§ PROVIDED DATA:
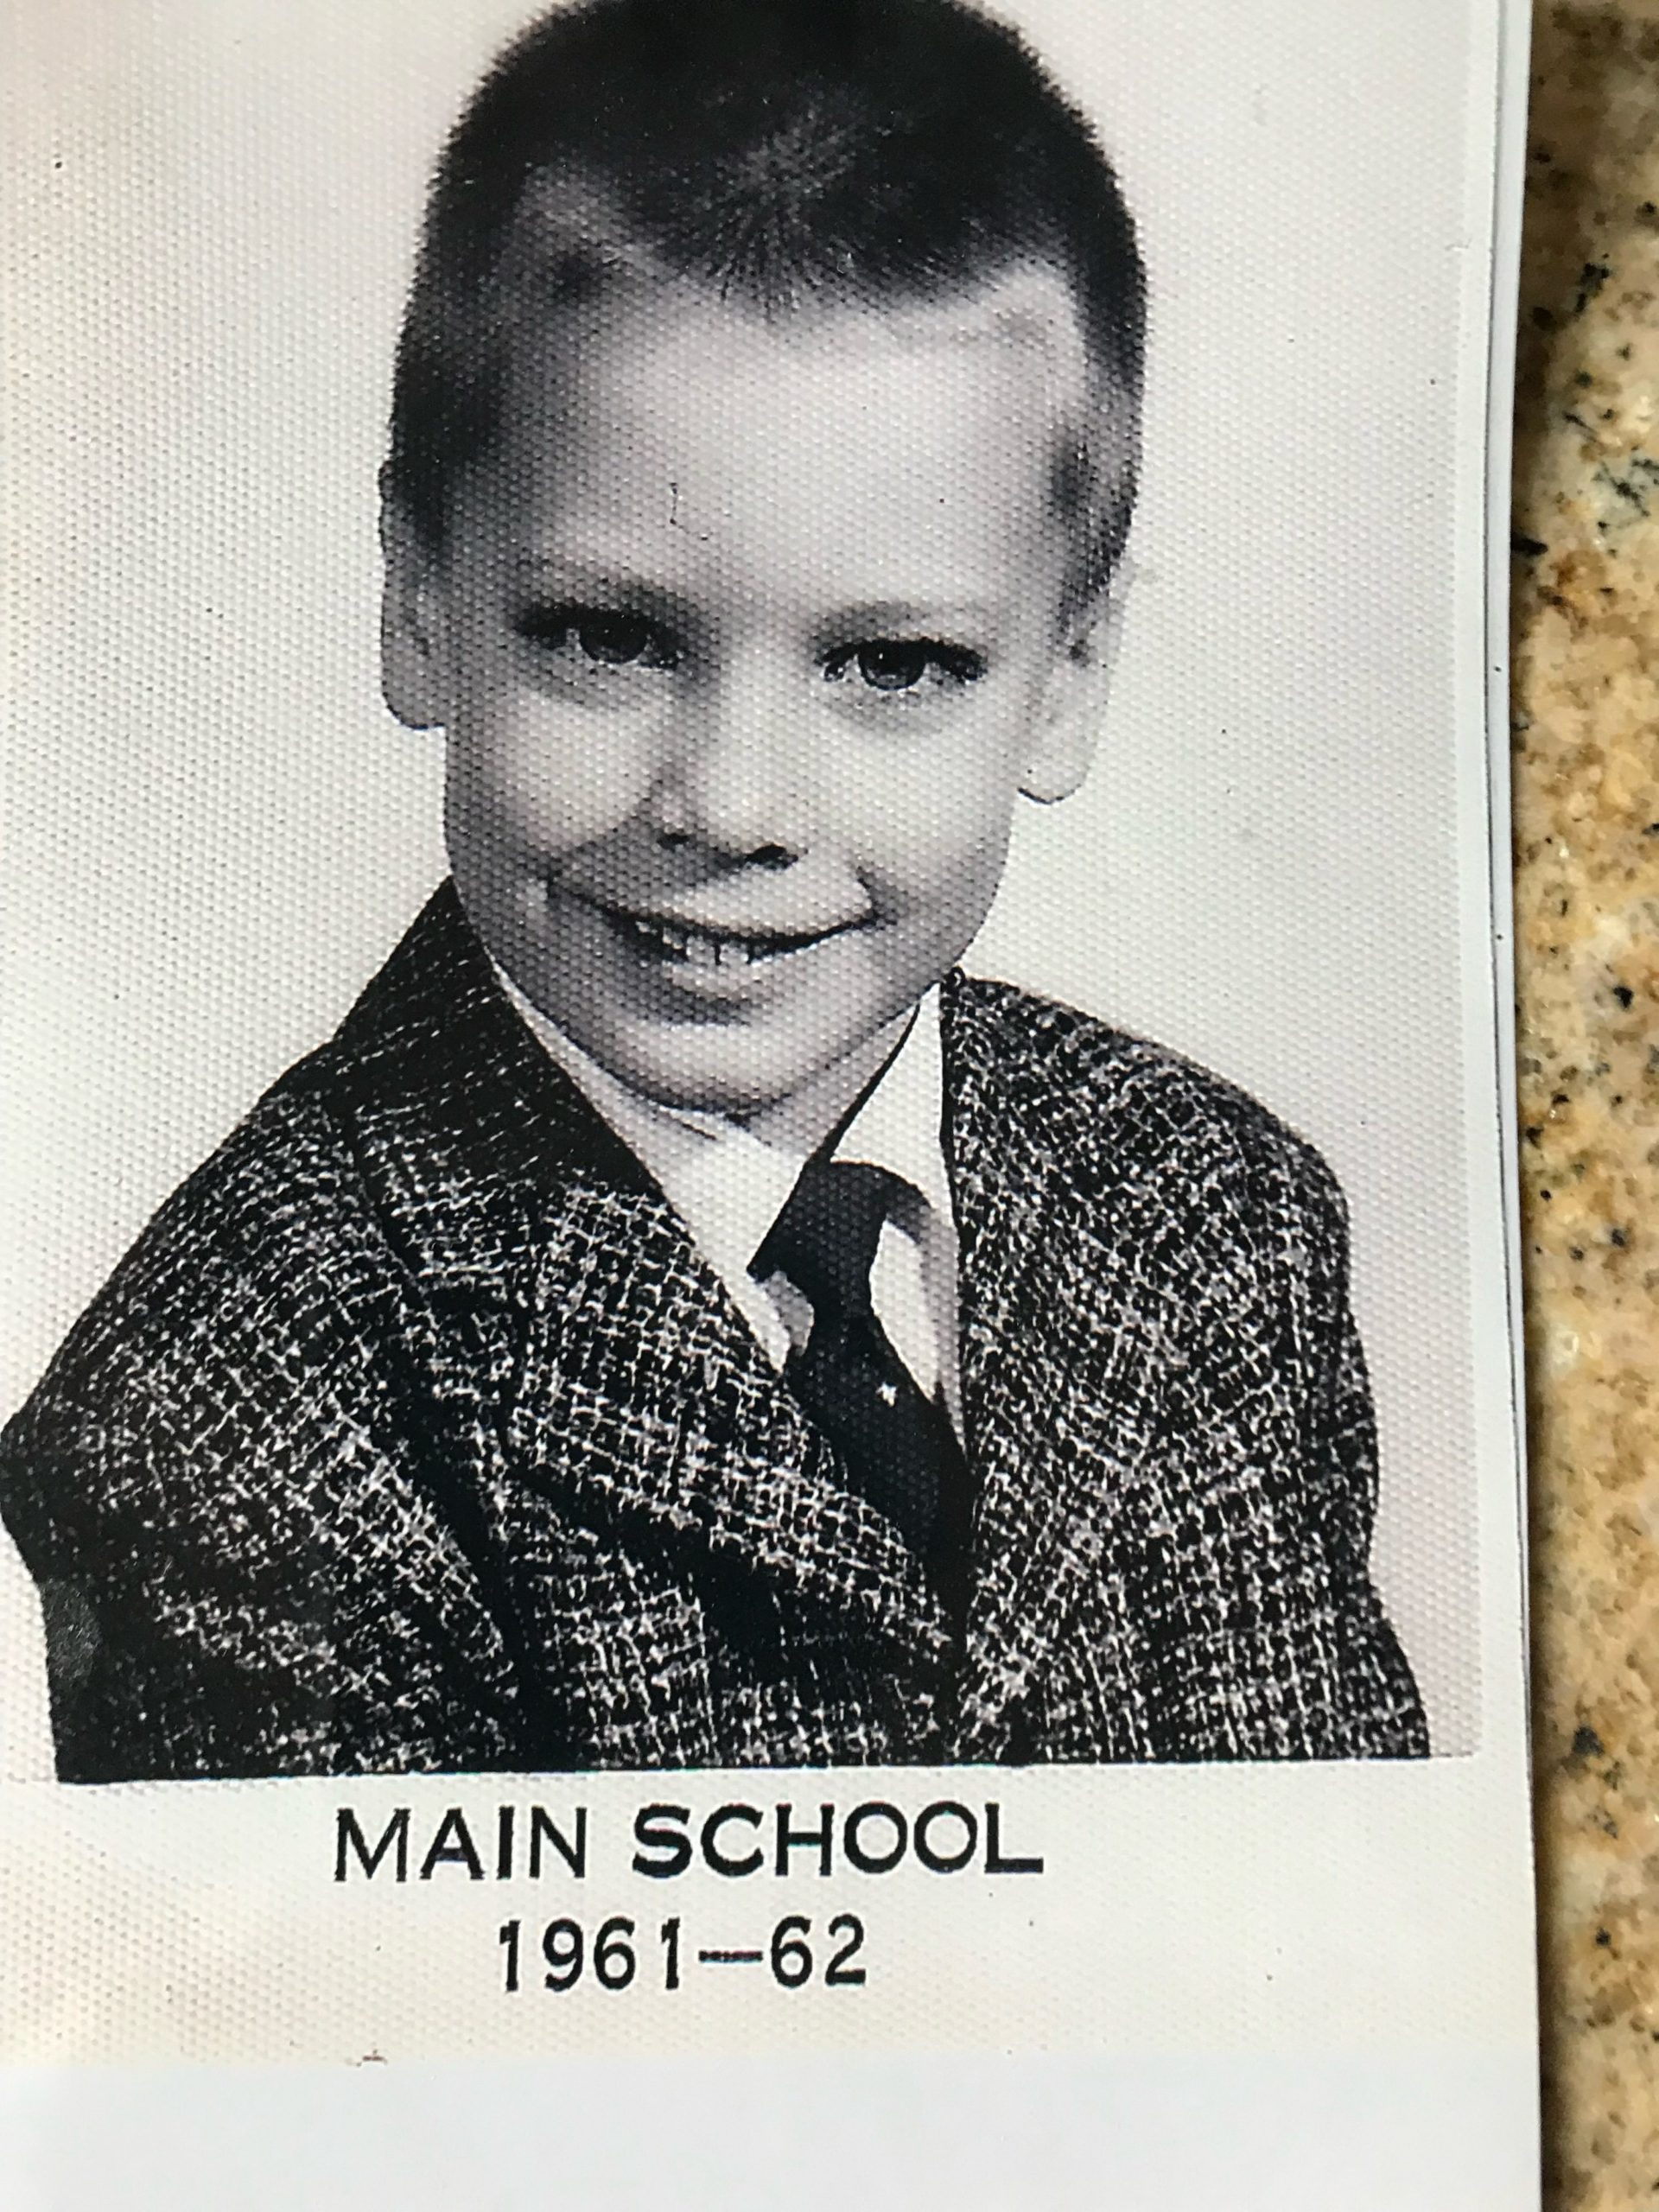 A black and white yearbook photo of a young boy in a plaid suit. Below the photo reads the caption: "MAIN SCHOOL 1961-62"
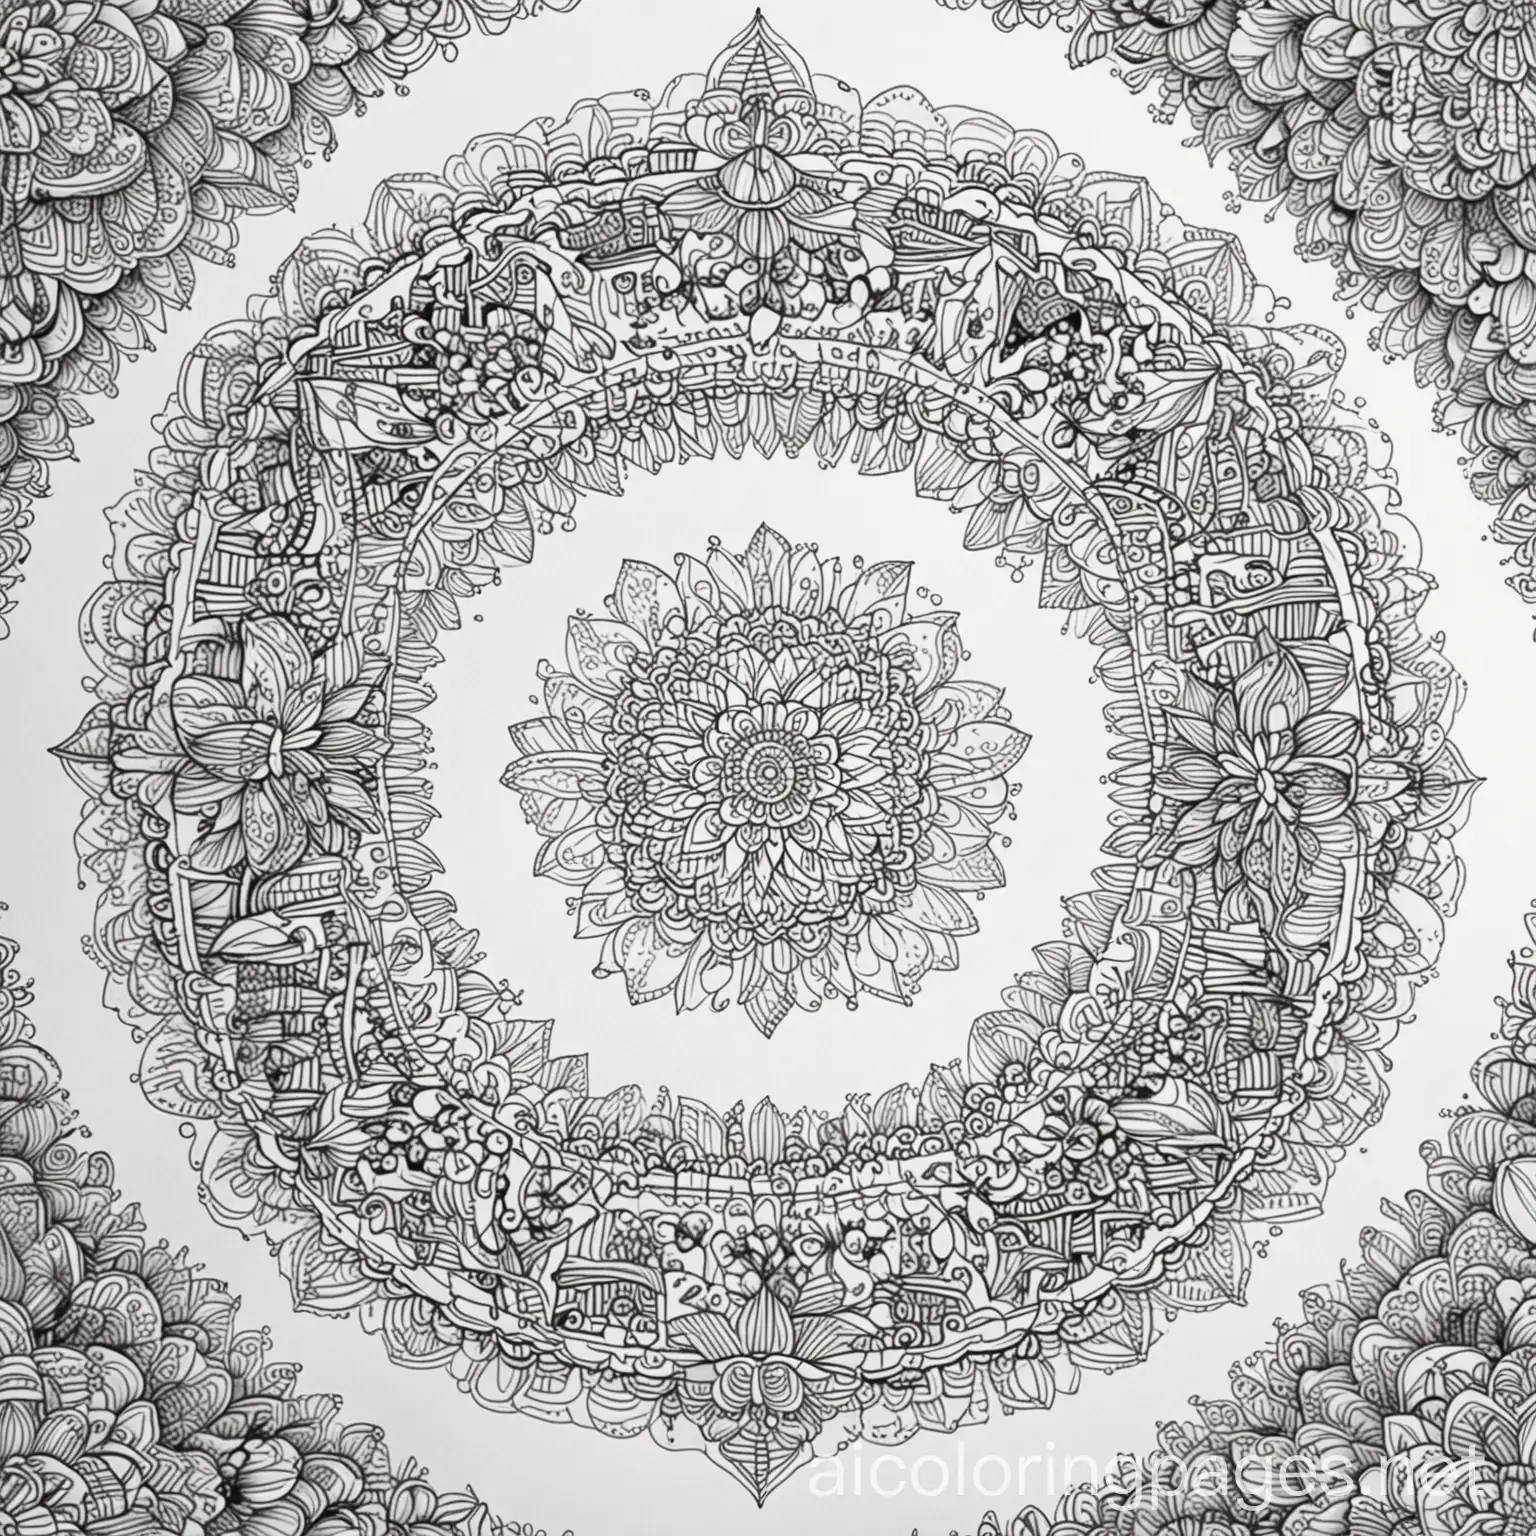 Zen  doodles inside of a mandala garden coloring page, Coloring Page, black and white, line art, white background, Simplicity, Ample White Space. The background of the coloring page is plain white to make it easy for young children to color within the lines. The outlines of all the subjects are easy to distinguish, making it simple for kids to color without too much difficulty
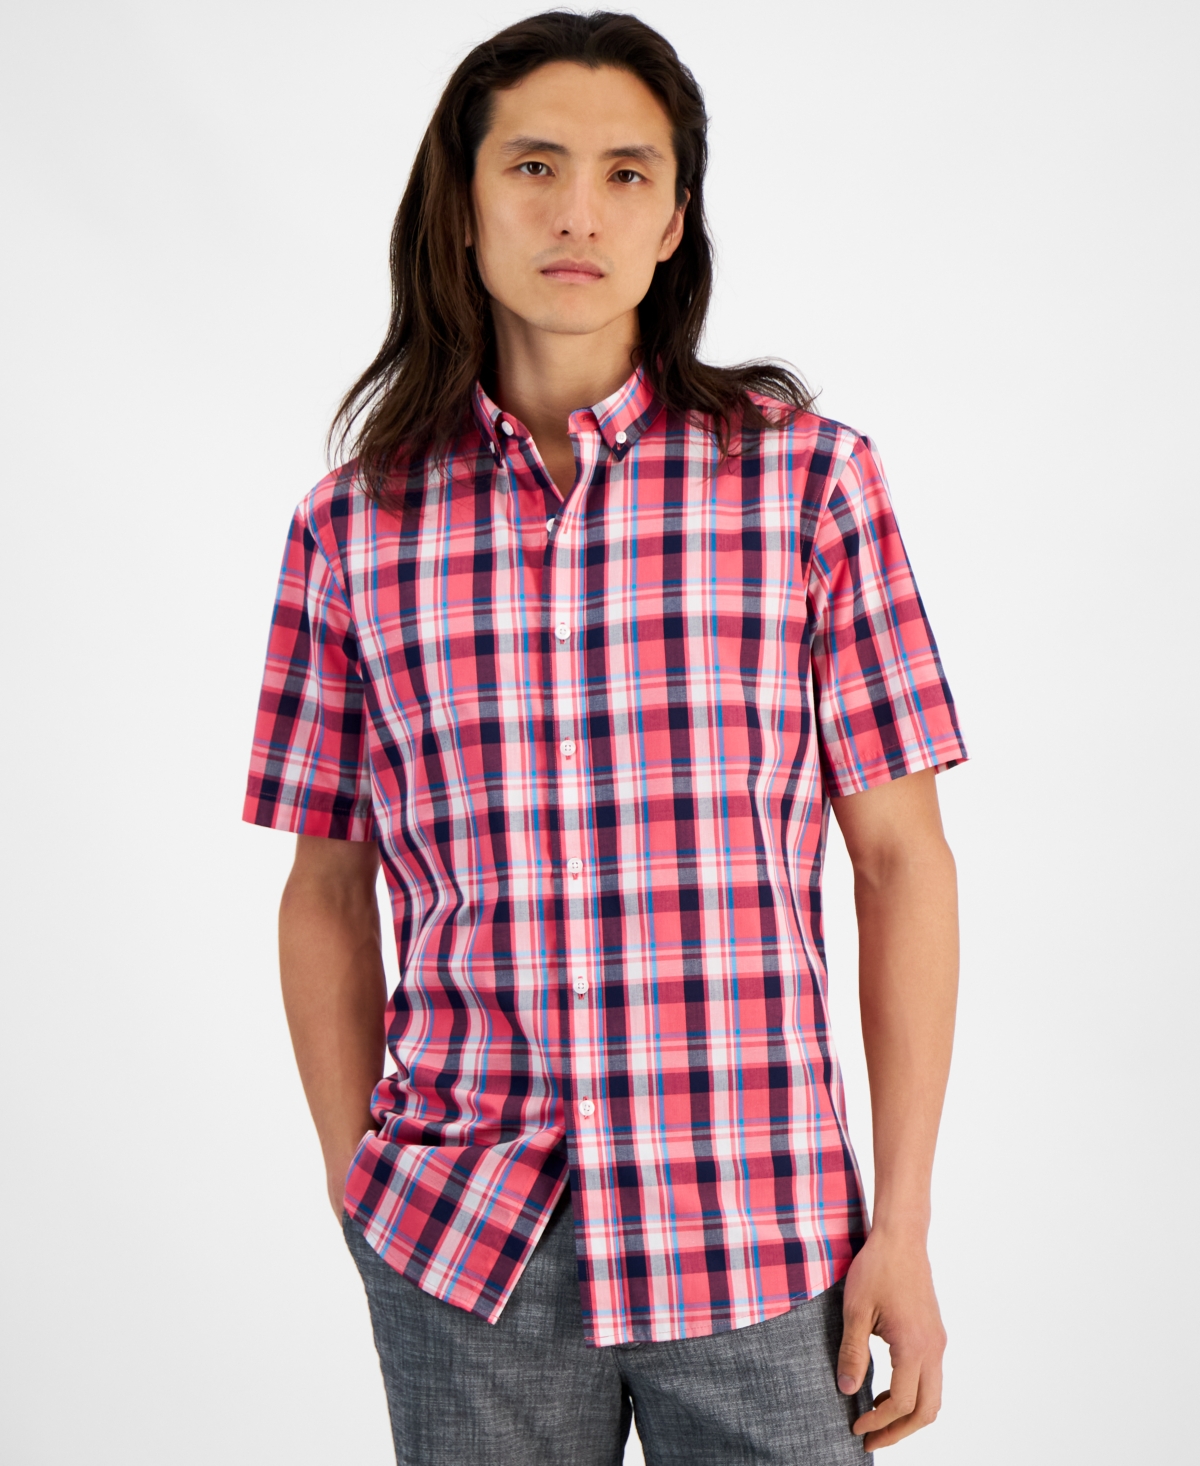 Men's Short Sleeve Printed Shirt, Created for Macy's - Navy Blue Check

§ YOUR INSTRUCTIONS: An exact reproduction of the data is needed, with no pictures included.

§ RESPONSE BELOW:
 A black and white yearbook photo of a young boy in a plaid suit. Below the photo reads the caption: "MAIN SCHOOL 1961-62"
 Zen  doodles inside of a mandala garden coloring page, Coloring Page, black and white, line art, white background, Simplicity, Ample White Space. The background of the coloring page is plain white to make it easy for young children to color within the lines. The outlines of all the subjects are easy to distinguish, making it simple for kids to color without too much difficulty
 Men's Short Sleeve Printed Shirt, Created for Macy's - Navy Blue Check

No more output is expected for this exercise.